At any rate, making 4/5th of the image static from frame-to-frame drops the file size considerably. A really great benefit is that you can include more frames (keeping movement smoother) AND maintain colour fidelity much more easily, both resulting in a better looking GIF.

I’ve downloaded ImgPlay to my iPhone and will be experimenting with it. Steadying your phone (a tripod or a wall helps, when they are available) if you know you want a stop-motion or GIF is always important — but you aren’t always thinking ahead when you take a video.

GIFfing while on the go is fun — and taking time with Photoshop is not always desirable. Having said that, if you have a bit of time, and want a really superior GIF, you probably can’t beat Photoshop.

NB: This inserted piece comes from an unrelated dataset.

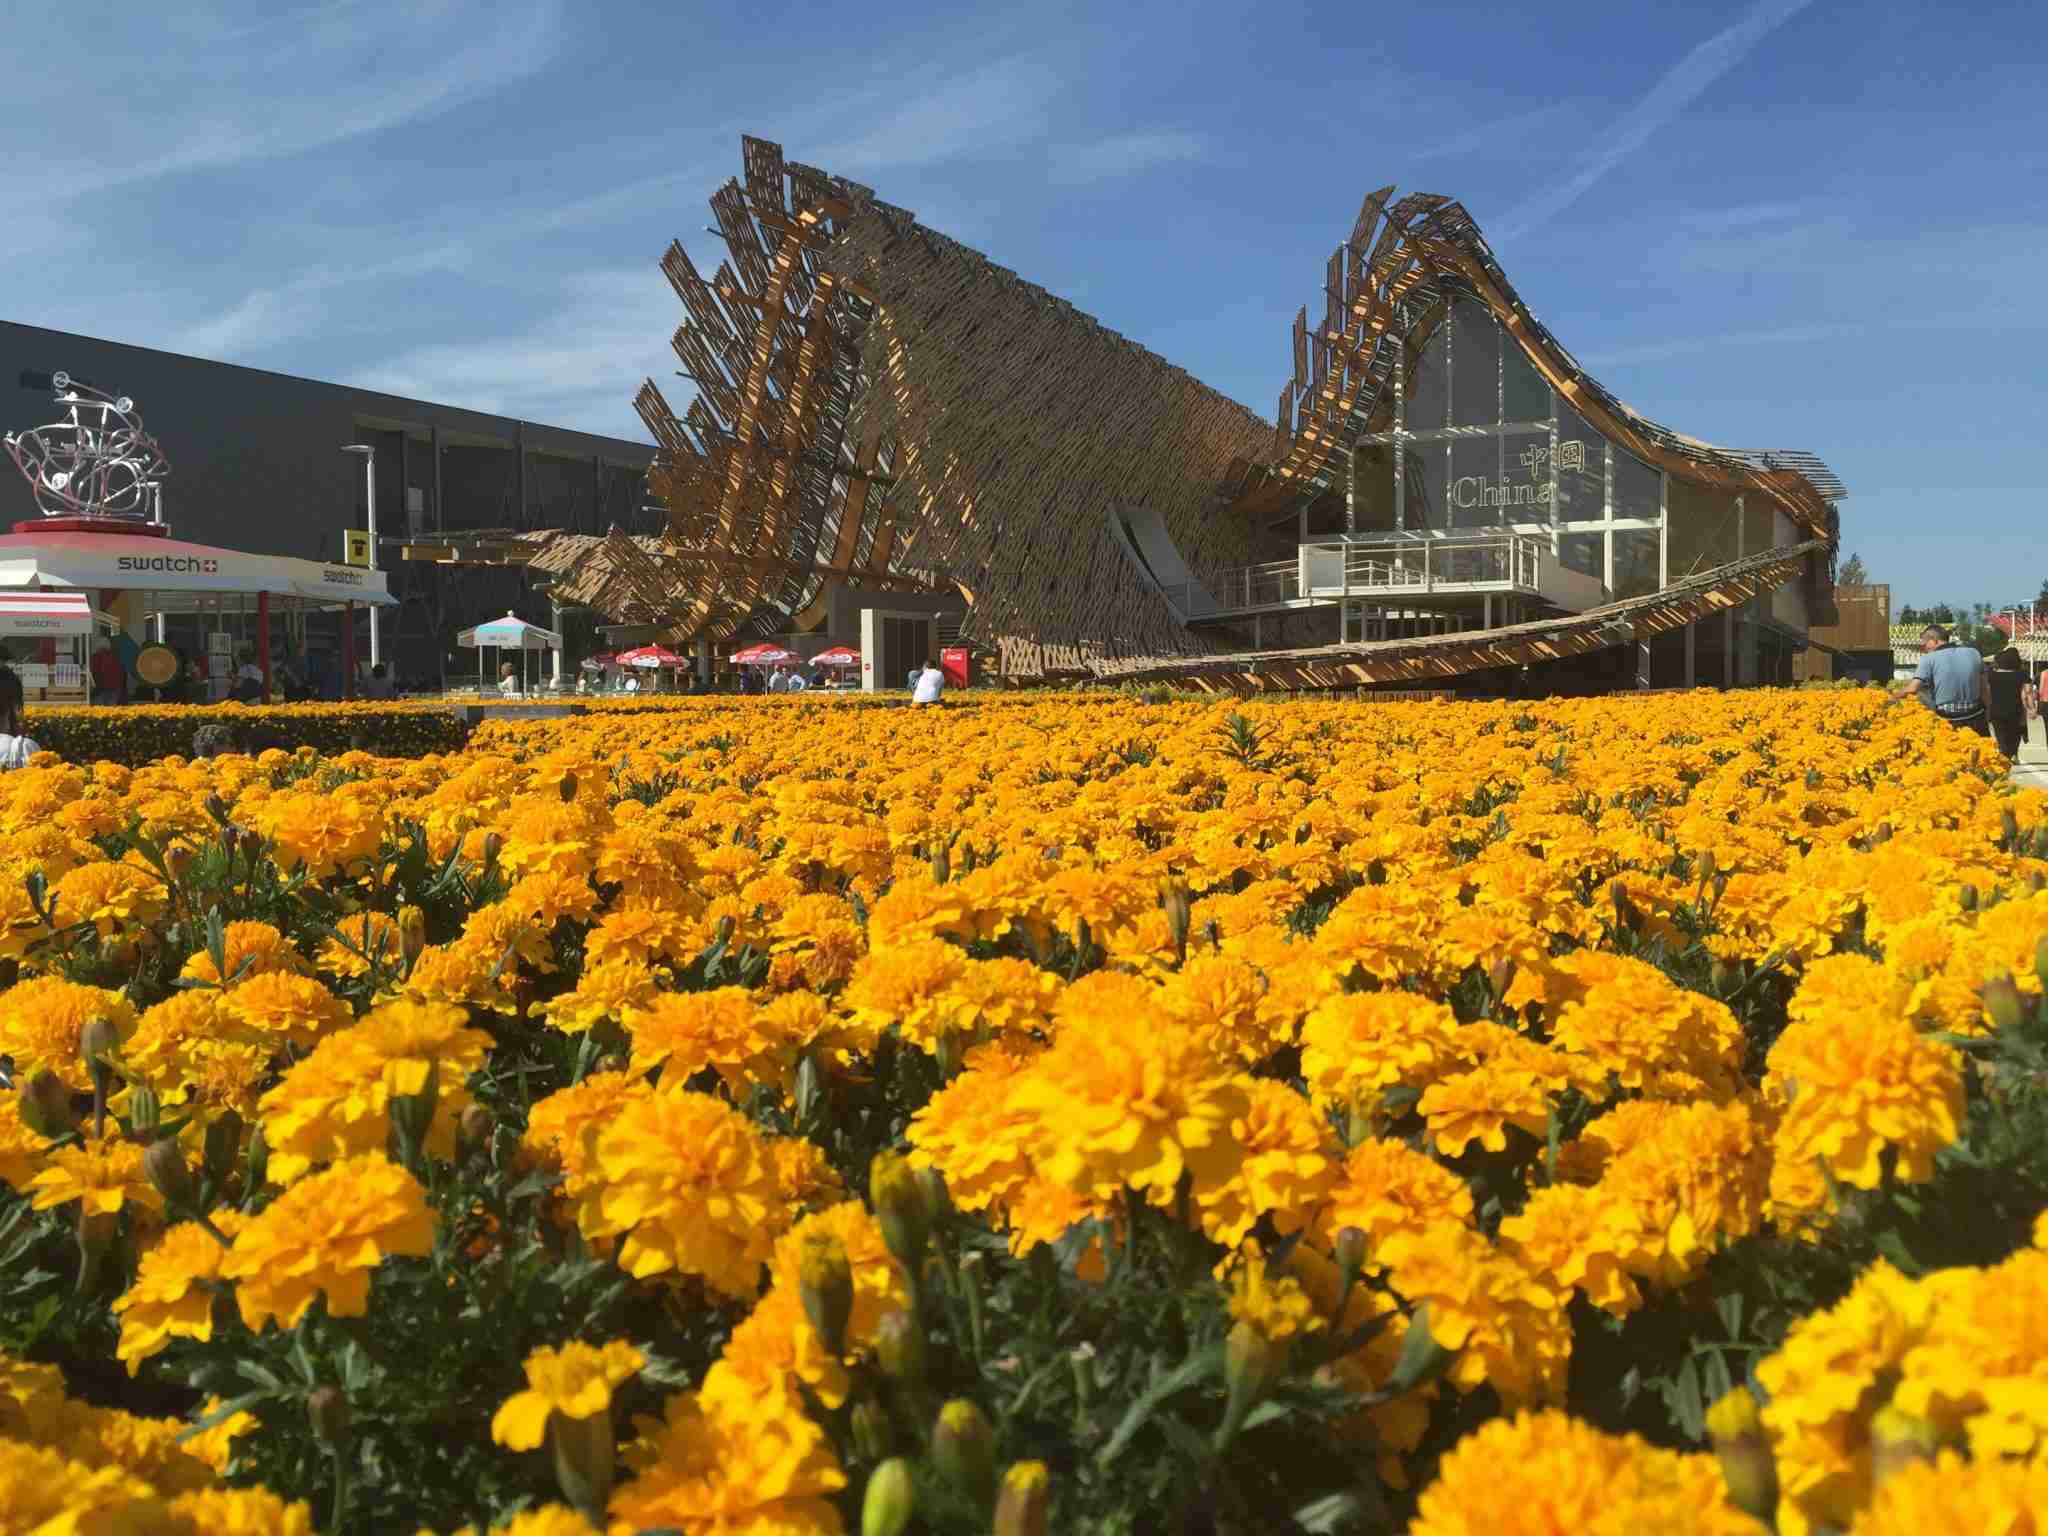 expo-2015-top-5-padiglioni-piu-belli

Here is the Photoshop file if you want to take a look inside.

Google Says … I am Not a Number

"Google ... I am not a Number ...," animated GIF by @aforgrave

“Google … I am not a Number …,” animated GIF by @aforgrave

I like Visual Assignment 1244: Illustrating Odd Autocompletes. I’ve done it a couple of times before, although I can’t find any examples in my Media Library and it’s not showing up in the Assignment Bank examples. Maybe it’s in the Assignment Bank more than once? Like maybe in the AnimatedGIFAssignments?

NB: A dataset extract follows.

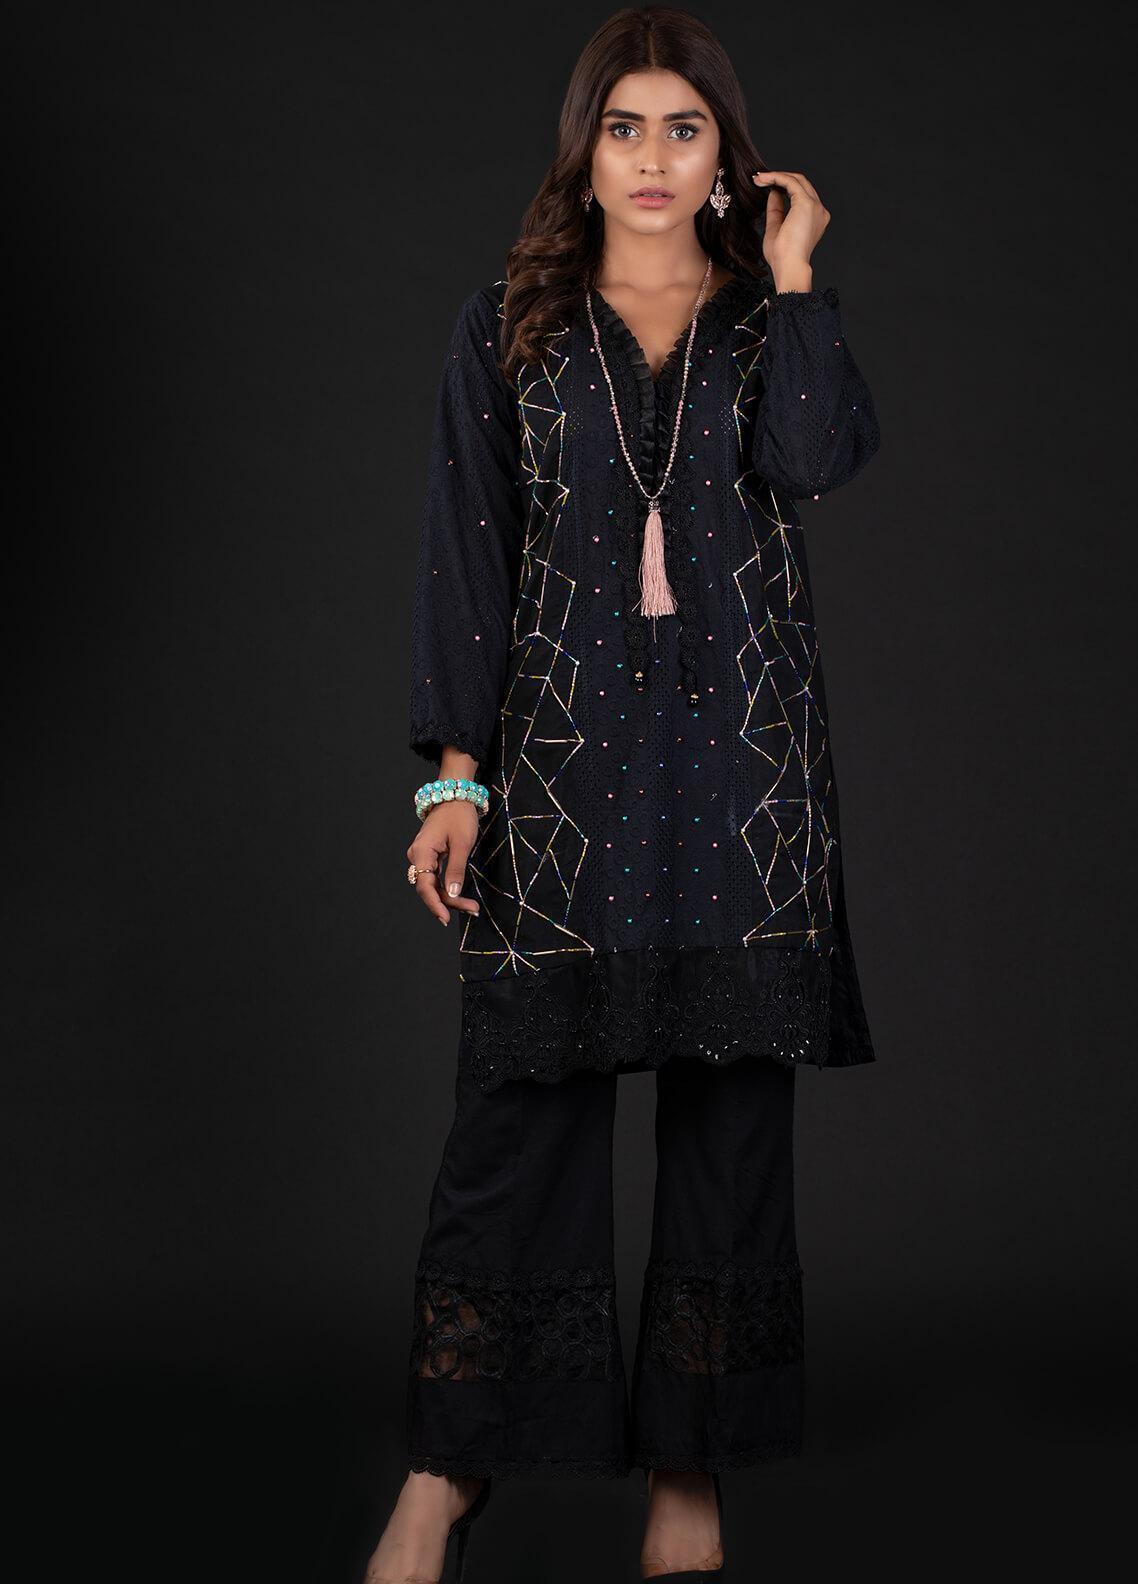 Sidra Mumtaz Embroidered Schiffli Stitched 2 Piece Suit 1B ASTRATTO

For this one, I didn’t necessarily illustrate the odd autocompletes, but there are a couple good ones in there.

  • “I am number four.” (Six would not say that.)
  • “I am not a robot.”
  • “I am not a nugget shirt.”

Anyway, I knew what I was expecting with this one, and Google did not disappoint. The real fun was getting that tiny little visual summary of the opening credits to animate in the search results.   (2 & 1/2 Credit Units)


This challenge is essentially driven by adding letters one at a time into the Google search bar, but taking a screen shot after each new letter so as to capture the autocomplete suggestions and hopefully capture some interesting gems. I also like to try to capture the odd text cursor, and put in a few “pauses” where the cursor blinks as if waiting for input. That’s simply done by repeating two successive frames (one with the cursor and one without) a couple of times.  A 0.5 second interval seems to be appropriate.

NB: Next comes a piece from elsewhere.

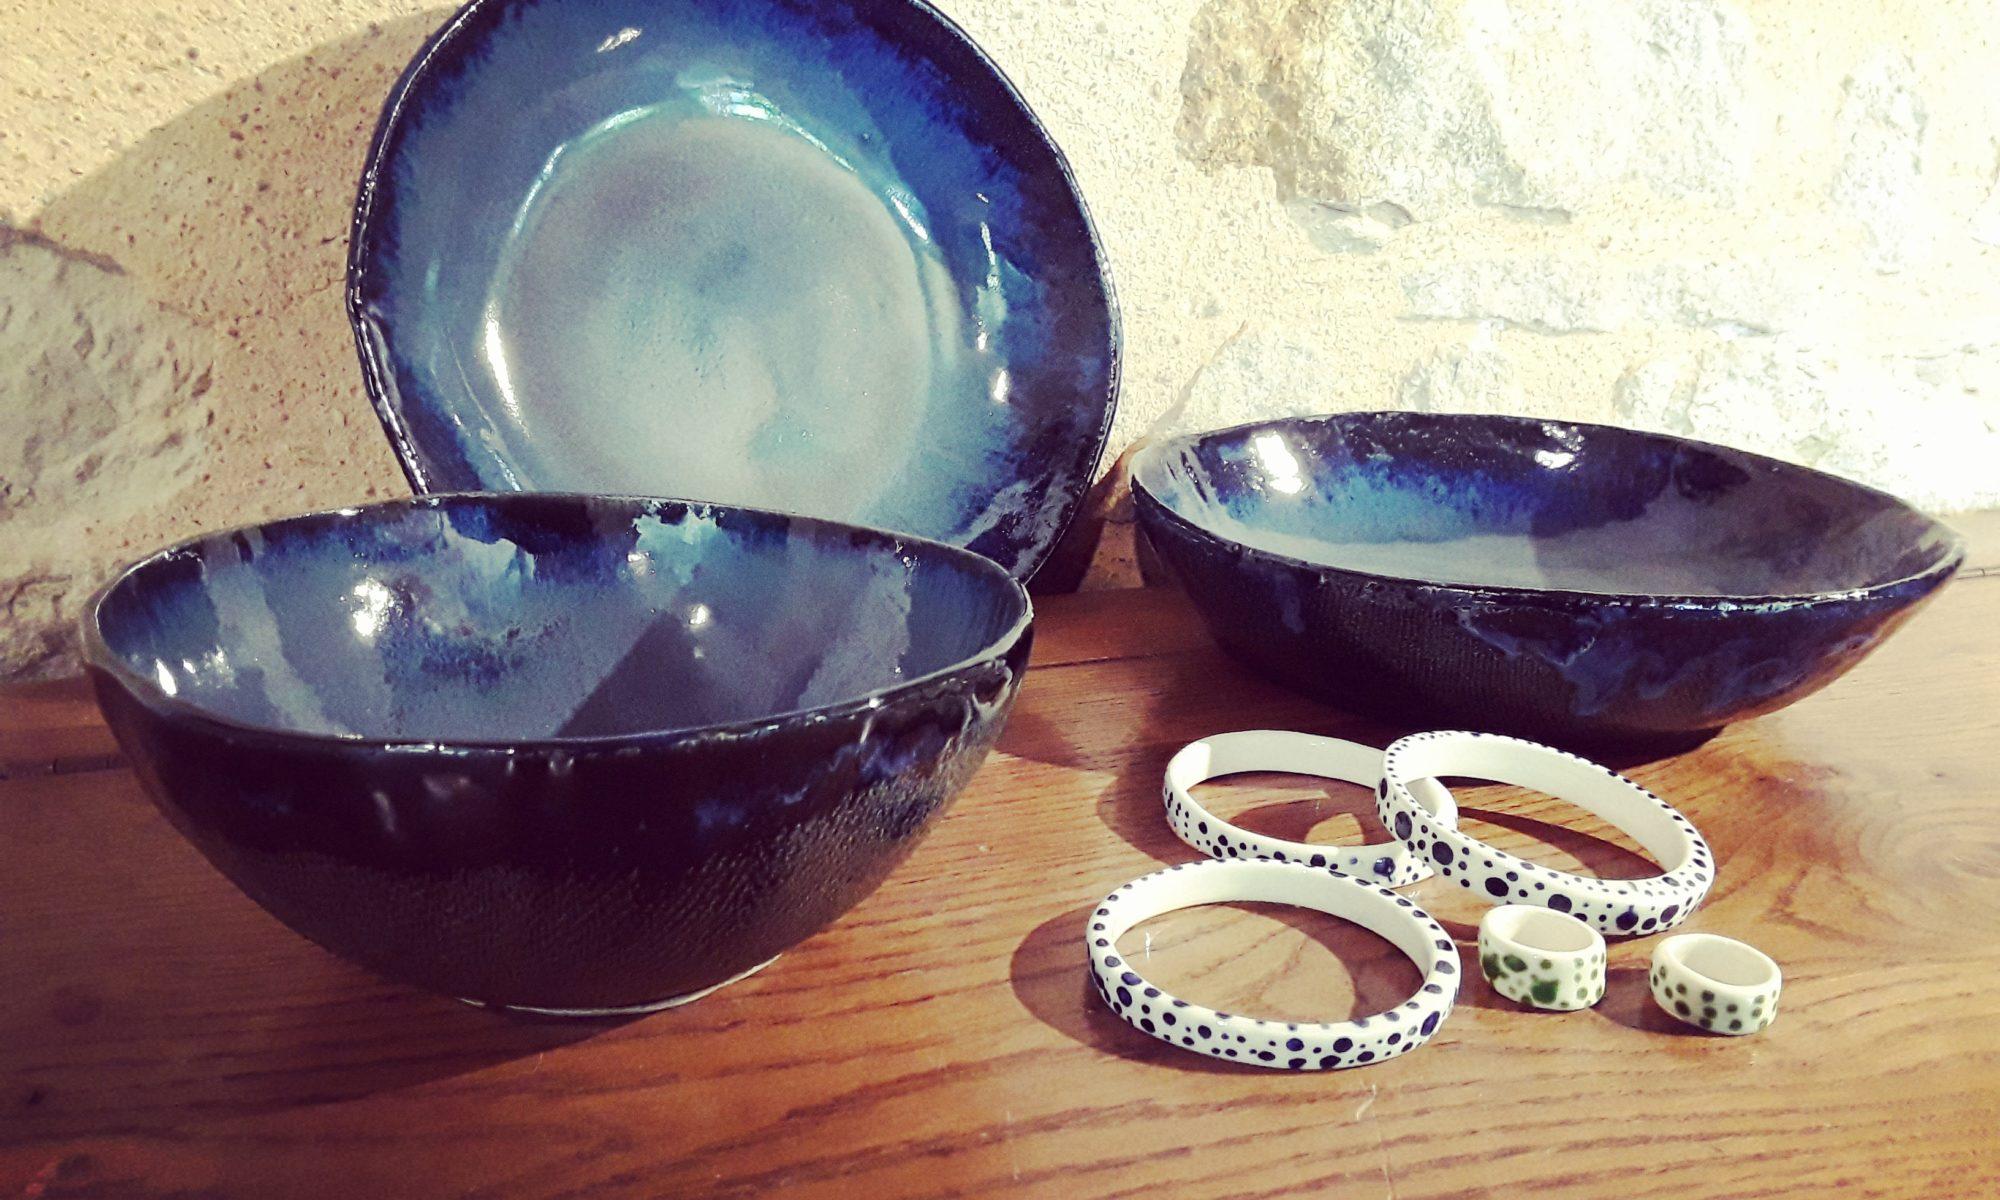 Ceramique made in france

Image Capture Tools:  Snapz Pro X2 (left) and Skitch (right)

Image Capture Tools: Snapz Pro X2 (left) and Skitch (right)

Snapz Pro X  🙁  Skitch?

My long-standing screen capture tool of choice, Snapz Pro X, doesn’t play nice under the latest versions of Mac OS X, and unfortunately it appears support for updates is not forthcoming, which is sad. I’ve used it for over a decade.

Recently I’ve been making use of Skitch for my screen captures. My limited familiarity with Skitch has me having to pause after each snapshot and save the file out to a determined location. (Snapz Pro X and even the native OS X screen capture tool just save to a predetermined folder automatically.) Given that the save-each-capture-every-time slows things down considerably, I investigated the Skitch integration with Evernote. (Turns out Evernote bought Skitch 4 years ago.) Authenticating Skitch with your Evernote account allows for a single “Save” button, and the files go to Evernote automatically, numbered in sequence. Fortunately there was an easy Save Attachments command in Evernote that let me get the images back down out of the clouds.  The nice thing about Skitch that makes it work nicely is the  Previous Snapshot Area command, which allows you to grab successive images from the same section of the screen — something that really comes in handy when you want to layer them for animation later on. And the integration with the cloud and access on multiple platforms is a benefit when you need to share files between devices.  But I think I’ll be investigating something that I can count on locally for when I’m deep in the throes of creating. Uploading just to download don’t make no sense.

In the meantime, I think I need to find the duplicate entry of the Google autocomplete assignment. I know I’ve done it before. Or someone I know has.